» Your assignment: The answer is to be the data that follows, transcribed exactly, minus its pictures.

» Data shown:
┄┄┄┄┄┄┄┄┄┄┄┄┄┄┄┄┄┄┄┄
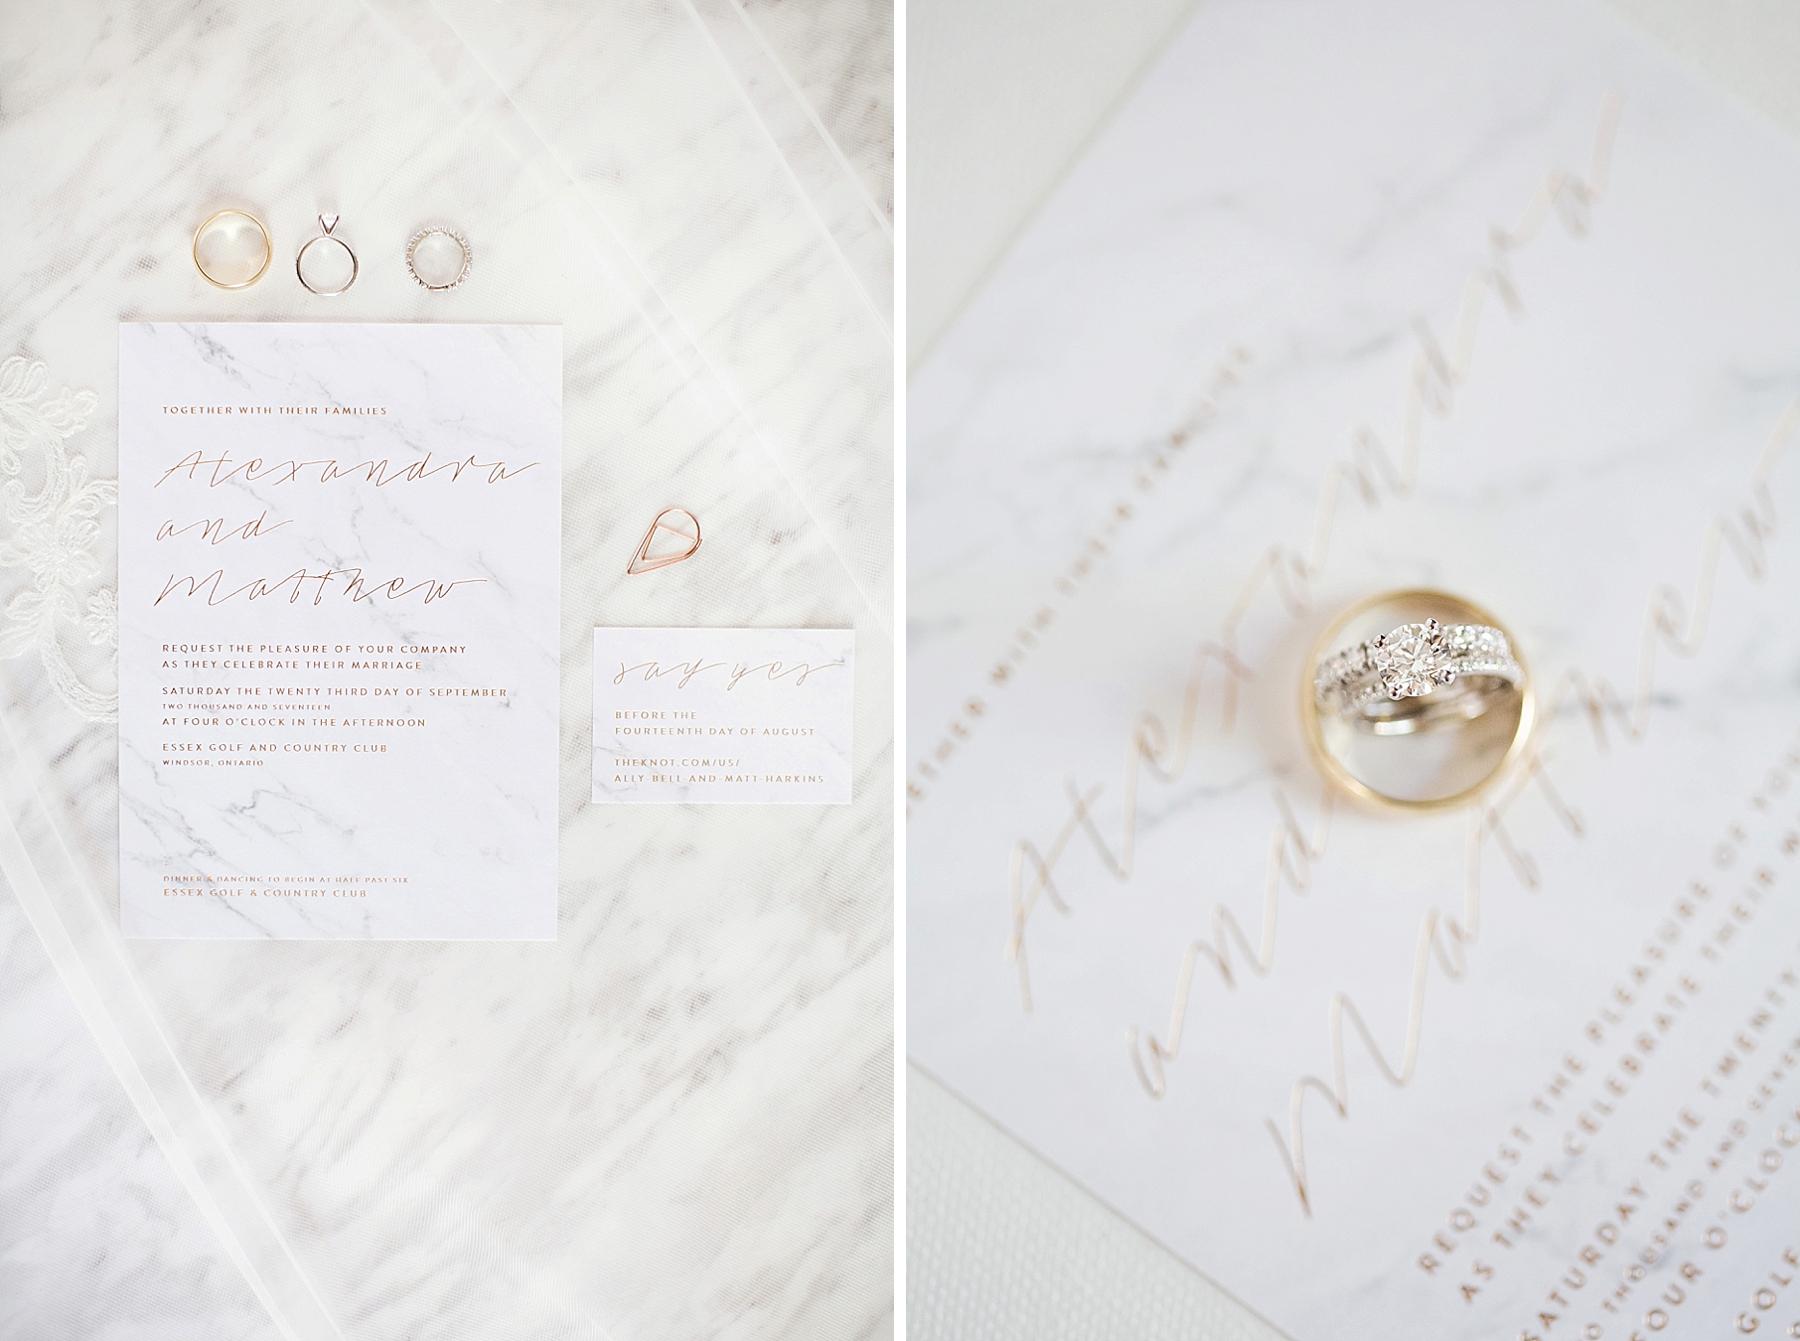 windsor-wedding-photographer-essex-golf-country-club-wedding-eryn-shea-photography_0010.jpg
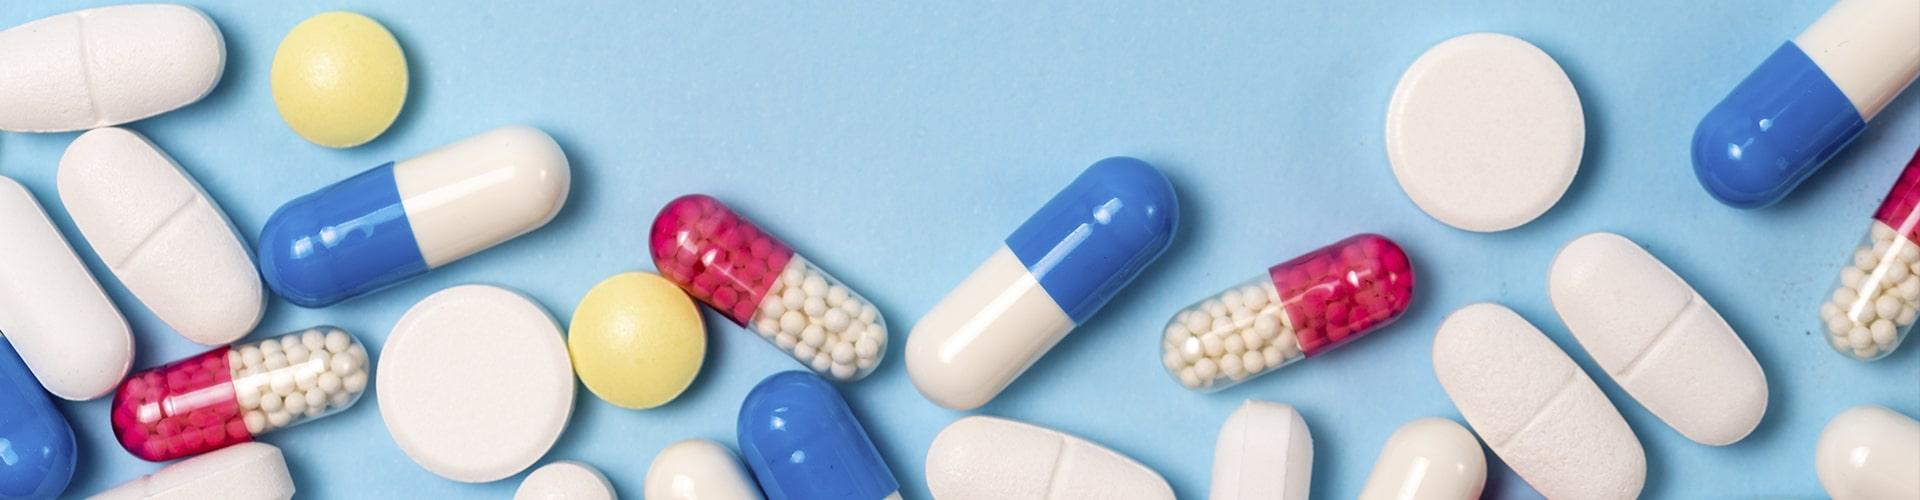 medicamentos con efedrina para adelgazar
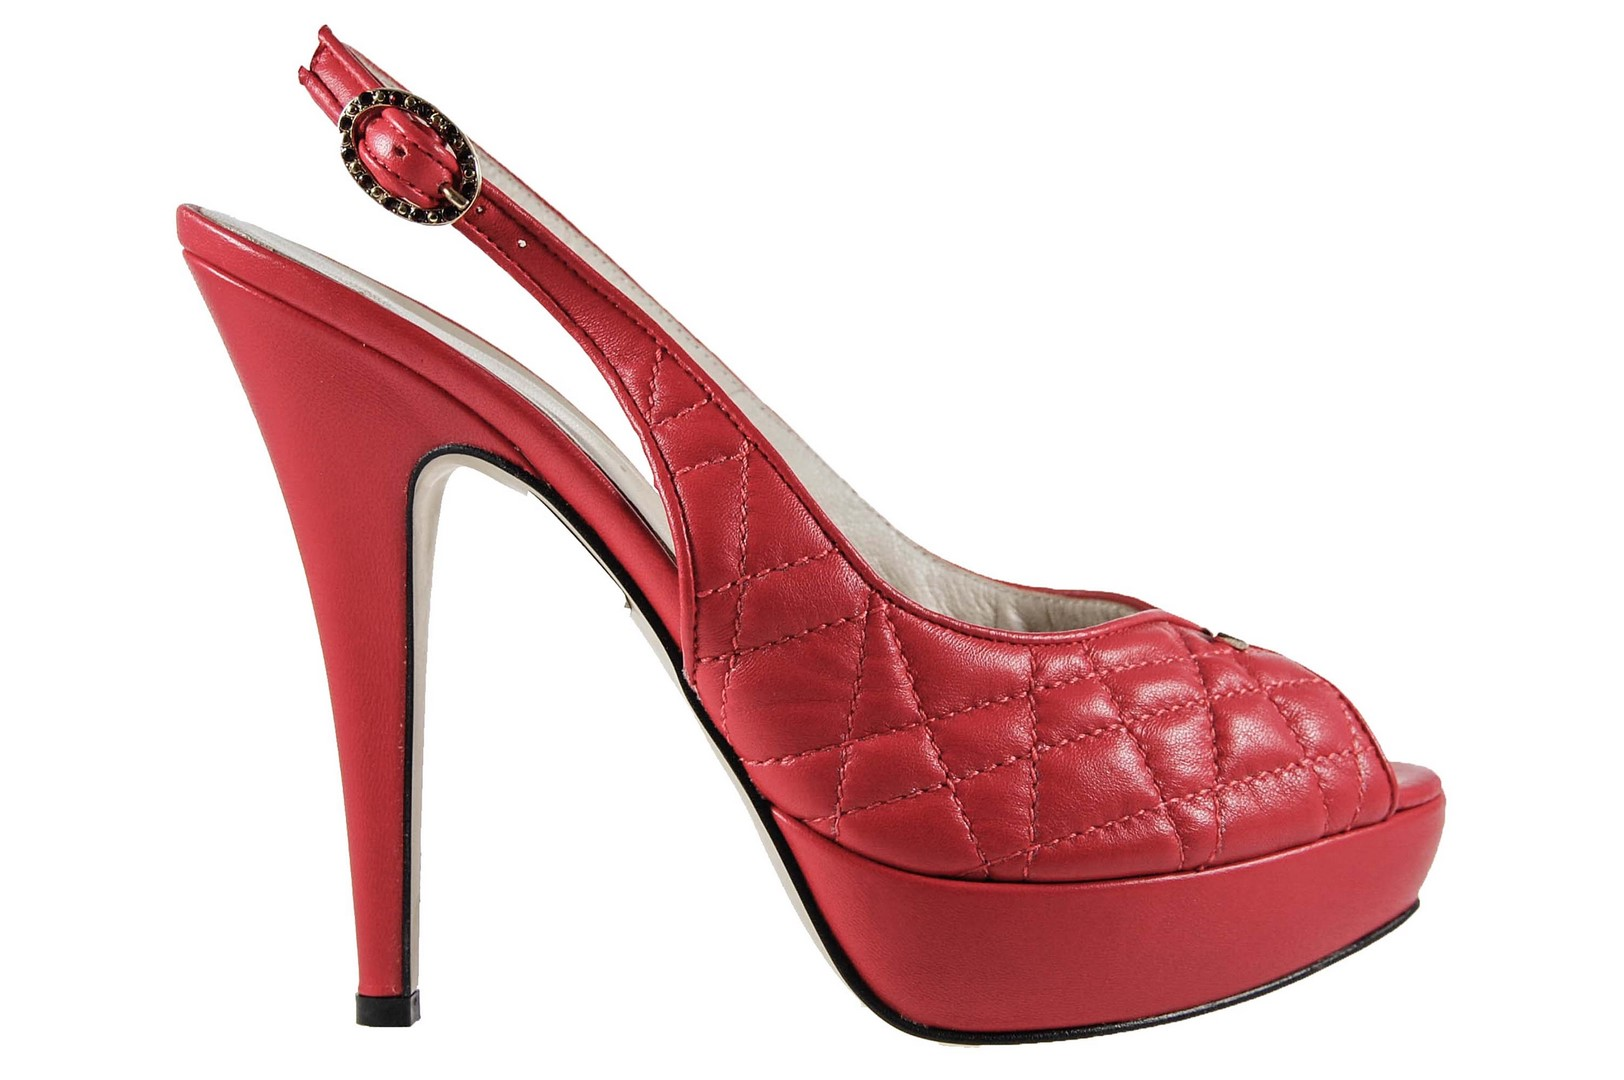 15acf8d766d2e BALDOWSKI 370 - sandały damskie czerwone 38 - 6888623860 ...
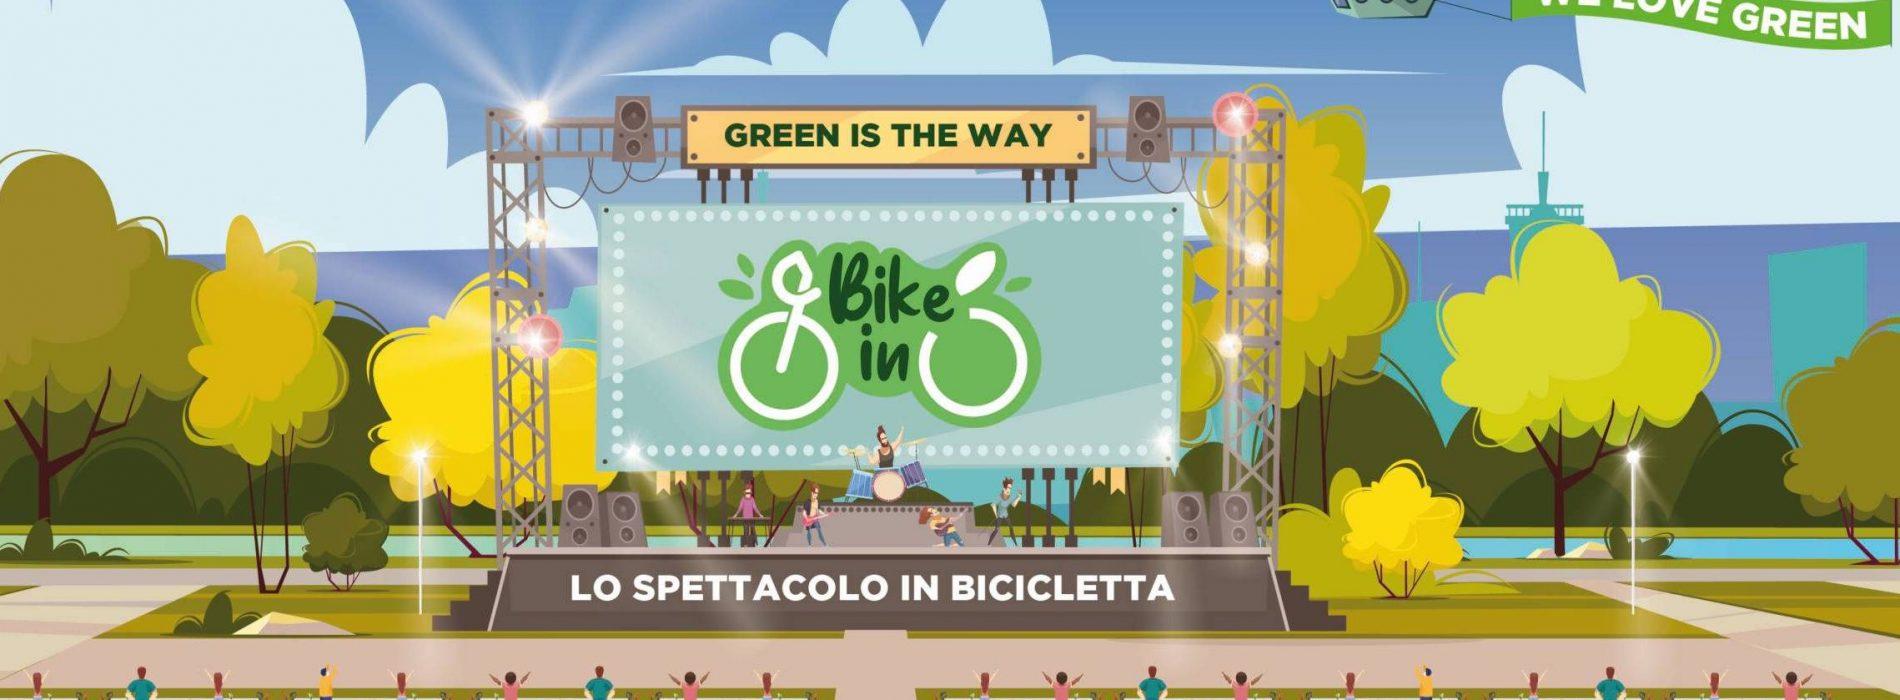 Suona Bike-in, festival eco friendly per la prima volta a Napoli
┄┄┄┄┄┄┄┄┄┄┄┄┄┄┄┄┄┄┄┄
» Your solution:
 windsor-wedding-photographer-essex-golf-country-club-wedding-eryn-shea-photography_0010.jpg
 medicamentos con efedrina para adelgazar
 15acf8d766d2e BALDOWSKI 370 - sandały damskie czerwone 38 - 6888623860 ...
 Suona Bike-in, festival eco friendly per la prima volta a Napoli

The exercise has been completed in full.